- **What the task asks**: State how many lines in the listing below contain the word "color", with no other words.

- **Data excerpt**:
_ _ _ _
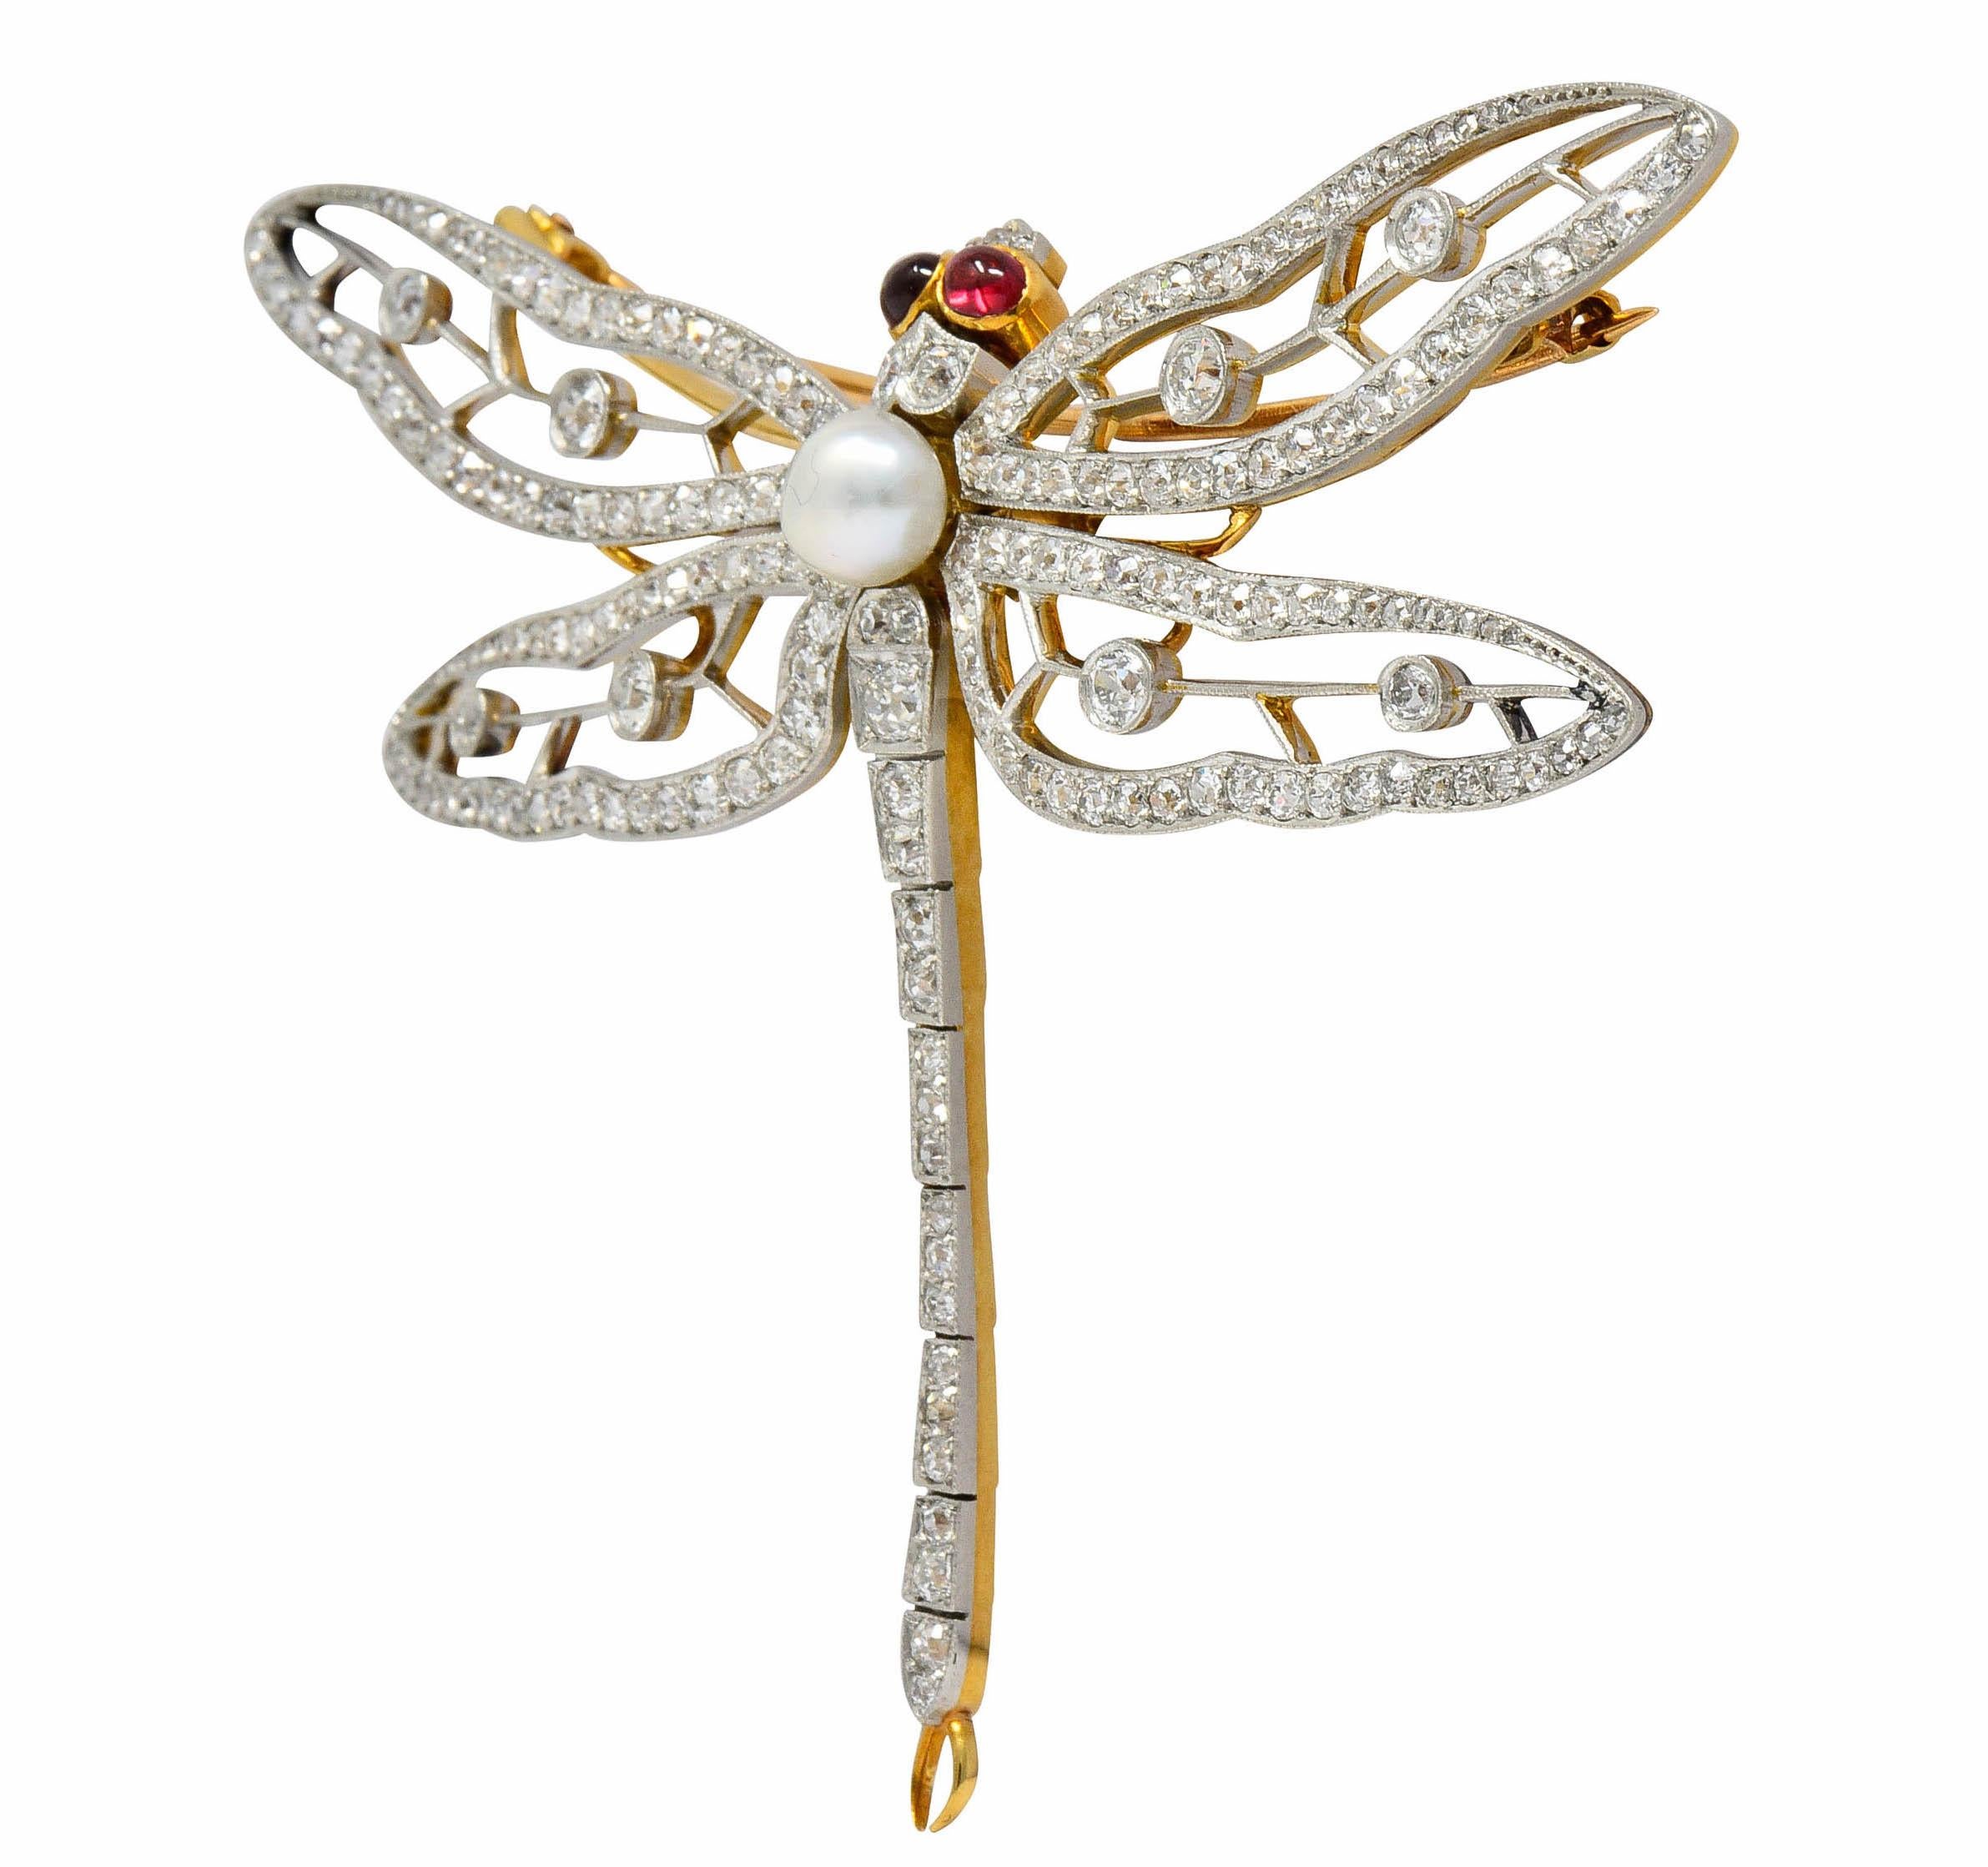 Designed as a large dragonfly with delicately pierced wings accented by milgrain

With oval spinel cabochon eyes, bezel set in gold, well-matched and light red in color

Centering a 6.5 mm semi-round button pearl, white in body color with silvery
_ _ _ _
- **Result**: 2